● **Supplied material**

====================

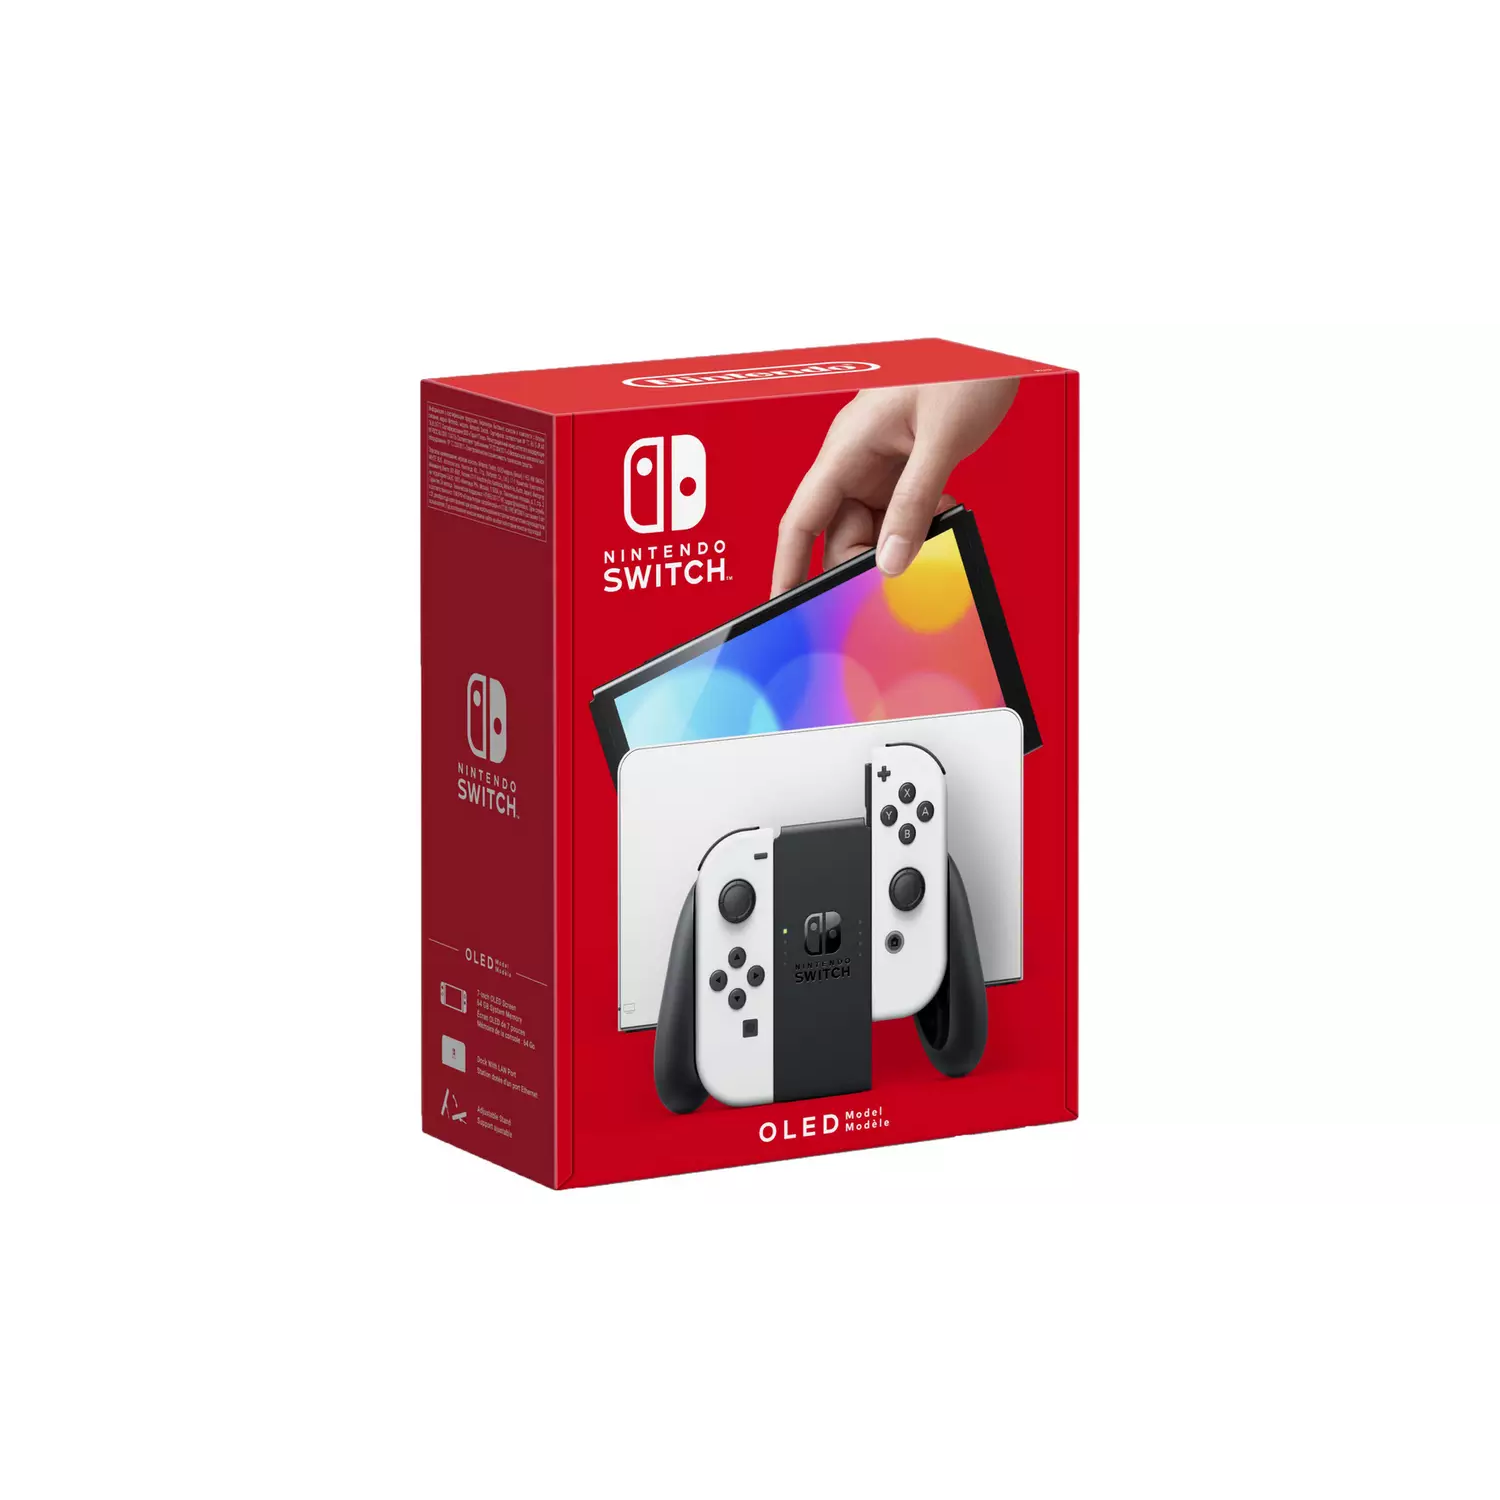 Nintendo Switch OLED Model – White
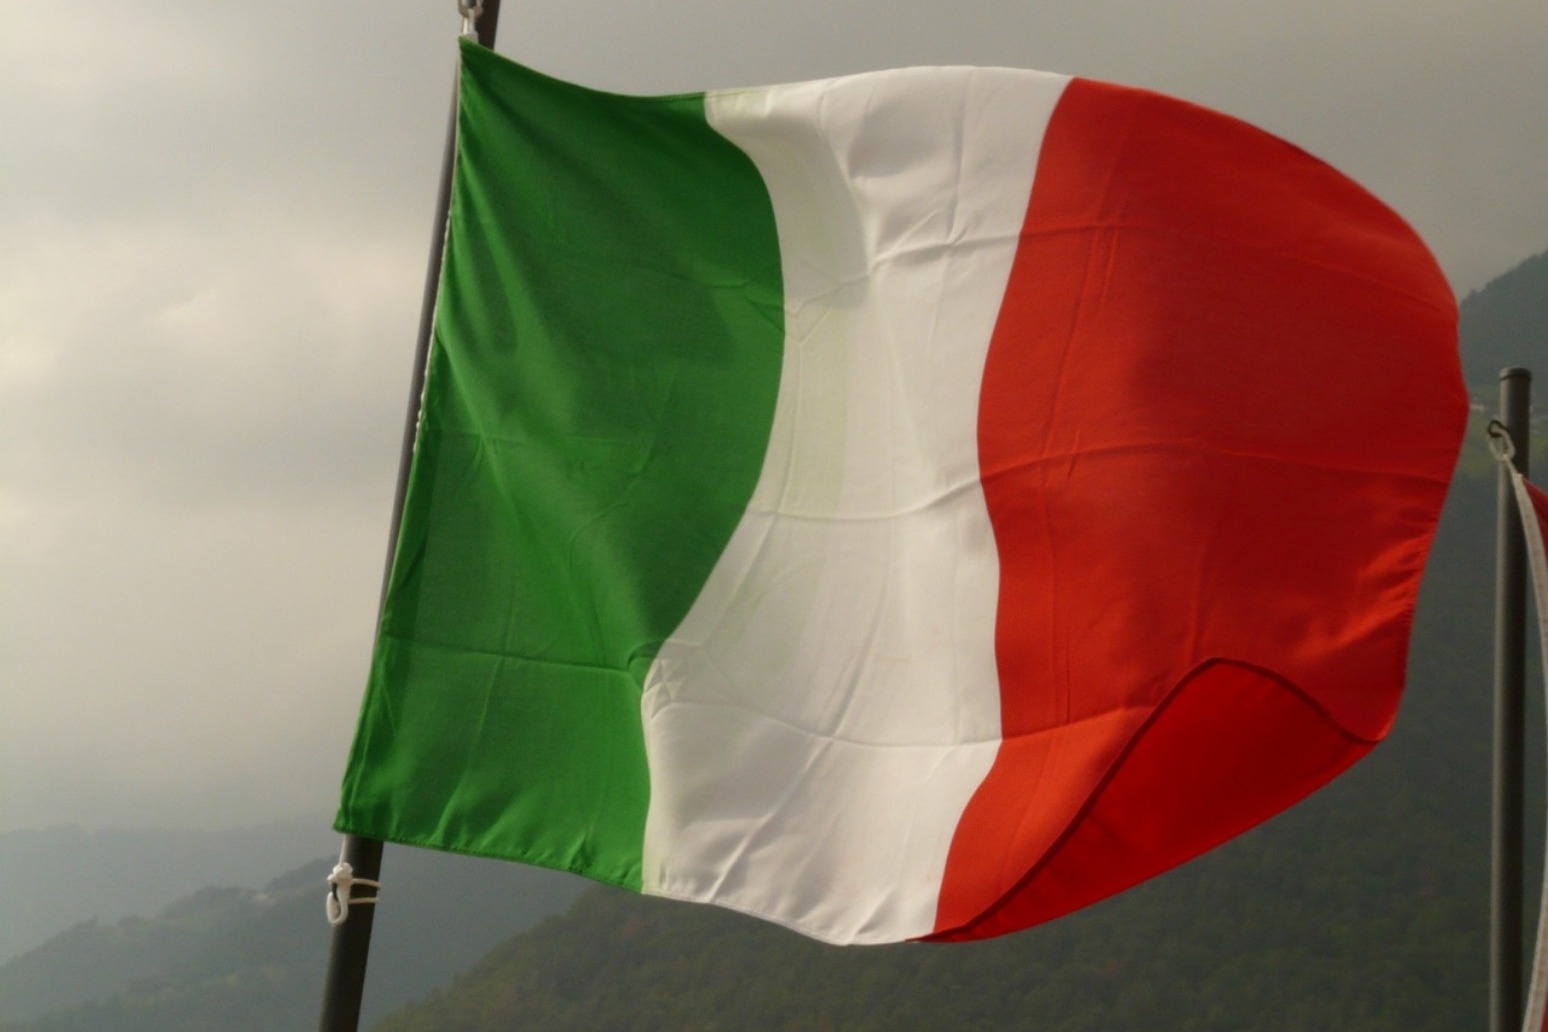 Italian PM Conte resigns- denounces Salvini for toppling government 
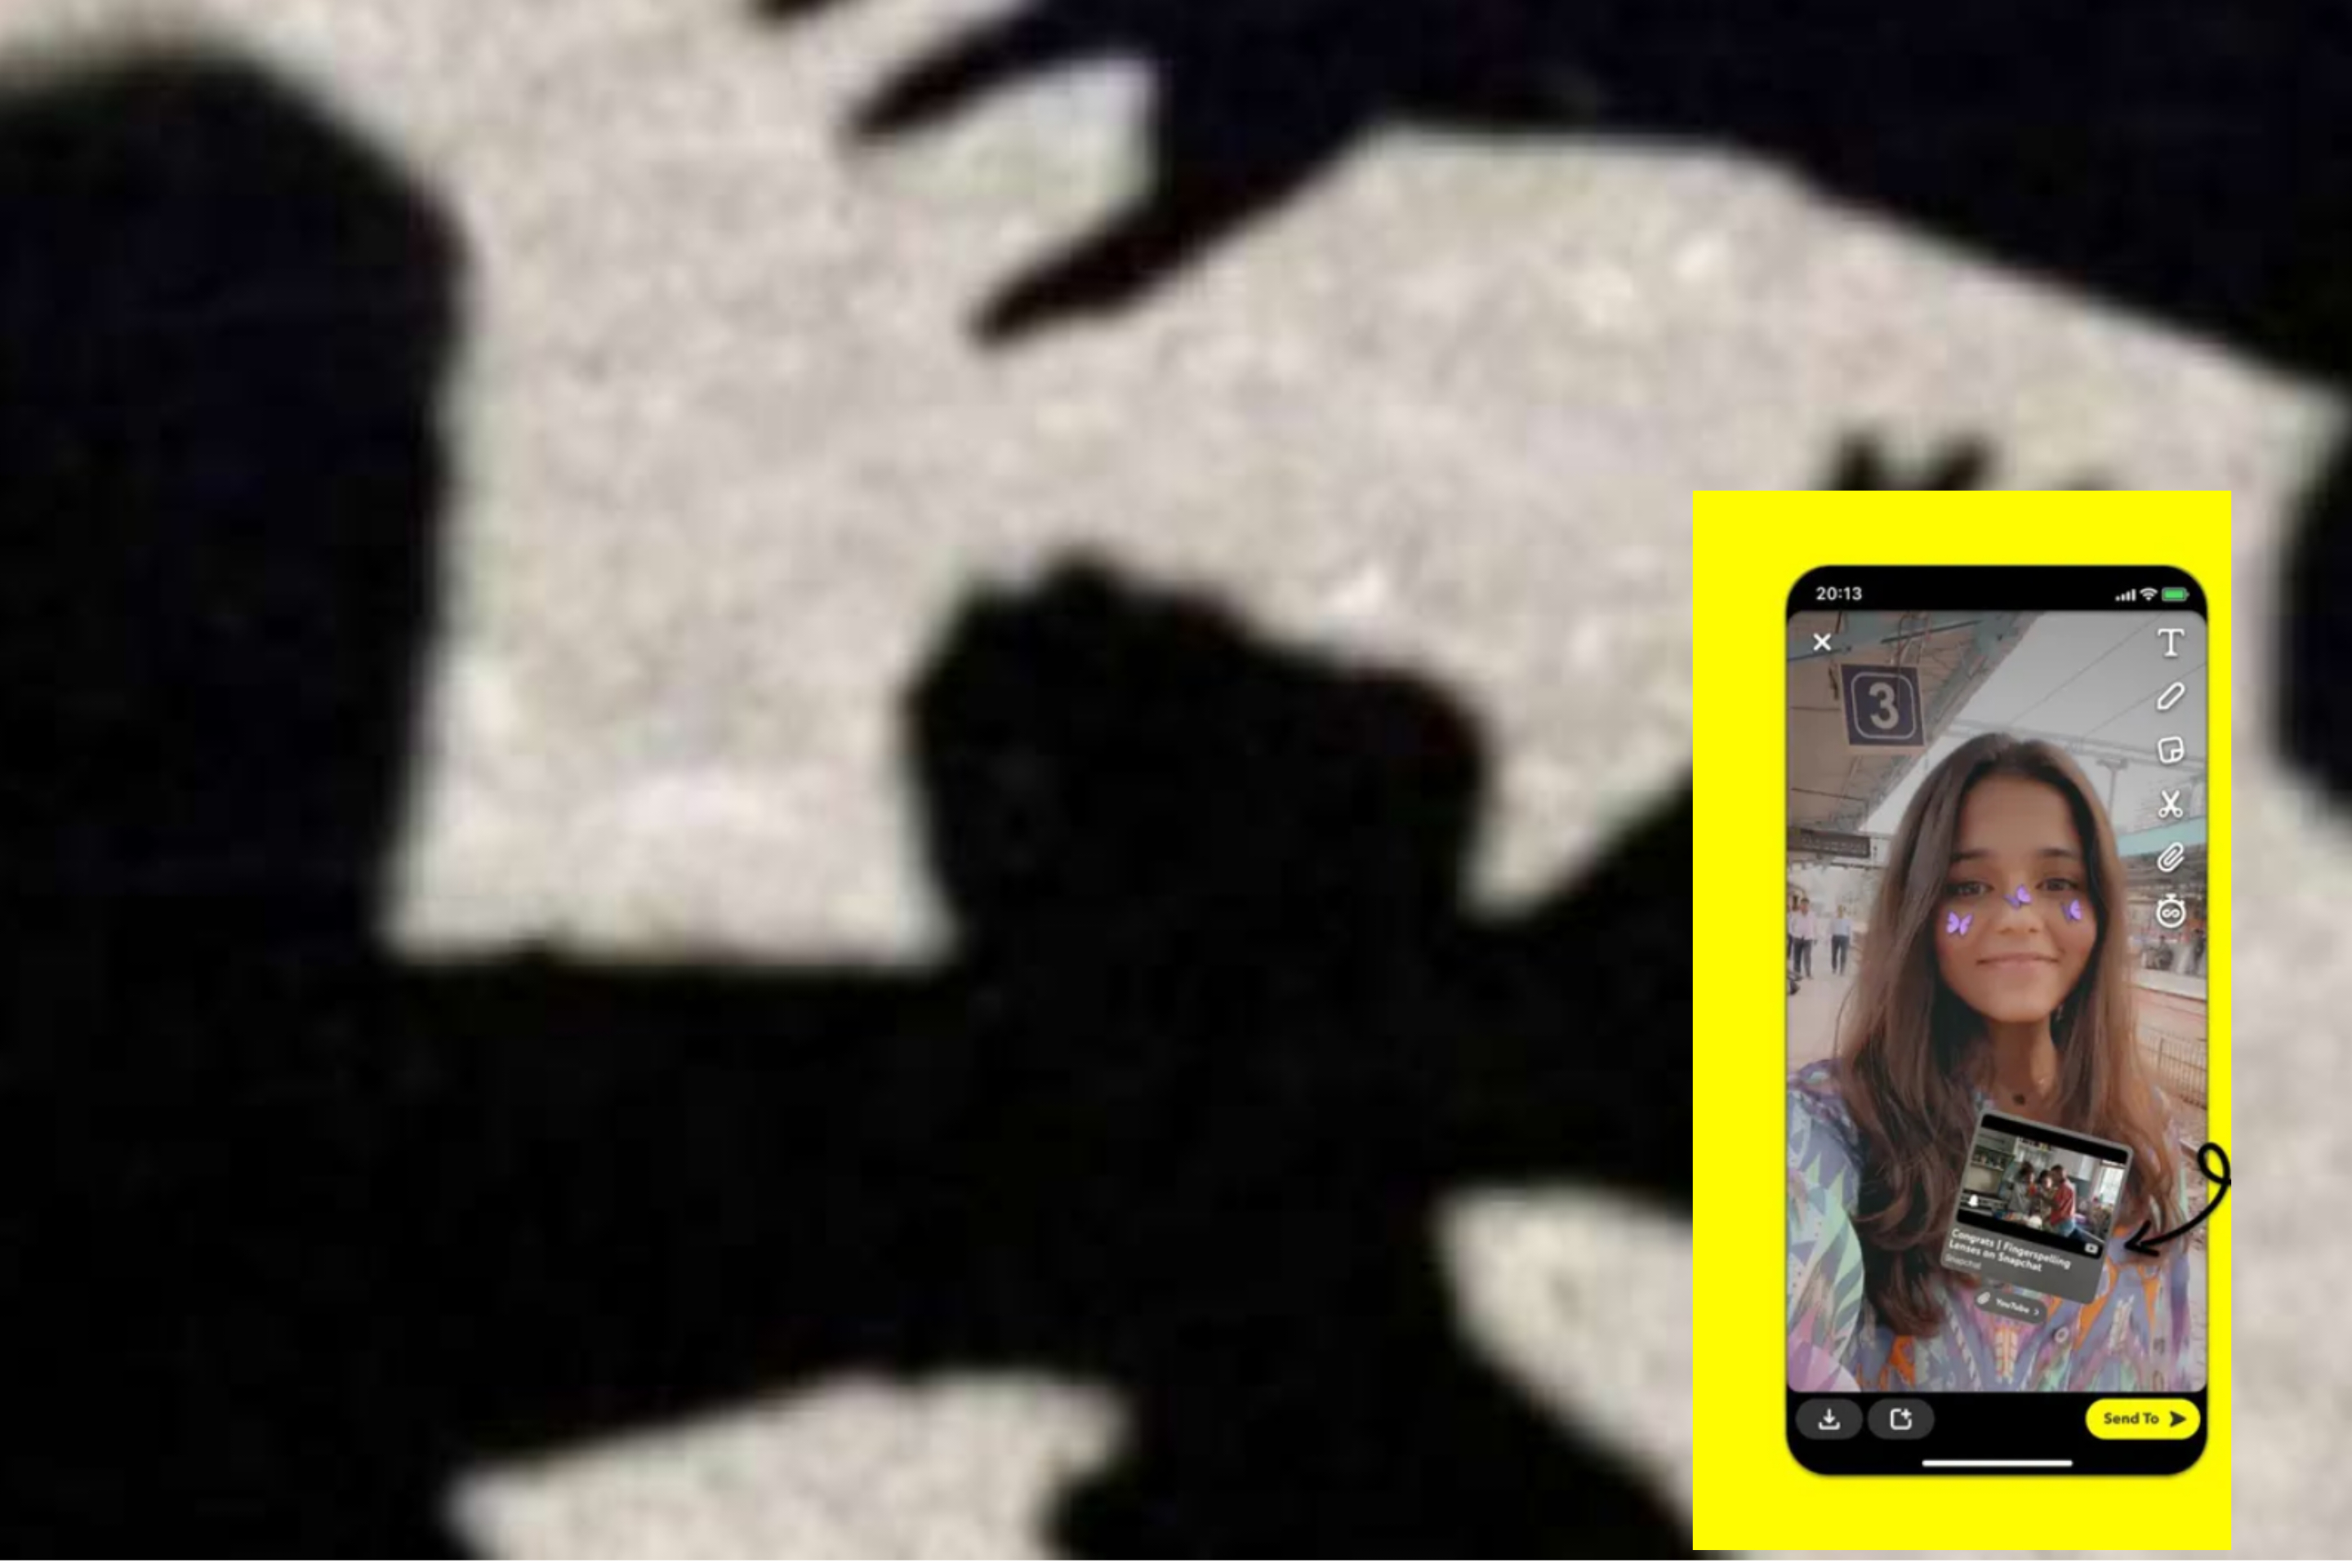 Do takonte vajzën e Snapchat-it, por i dalin dy burra dhe e rrahin

====================

● **Task to carry out**
Without the images, write out each line of the data verbatim.

● **Solution**
 Nintendo Switch OLED Model – White
 Italian PM Conte resigns- denounces Salvini for toppling government 
 Do takonte vajzën e Snapchat-it, por i dalin dy burra dhe e rrahin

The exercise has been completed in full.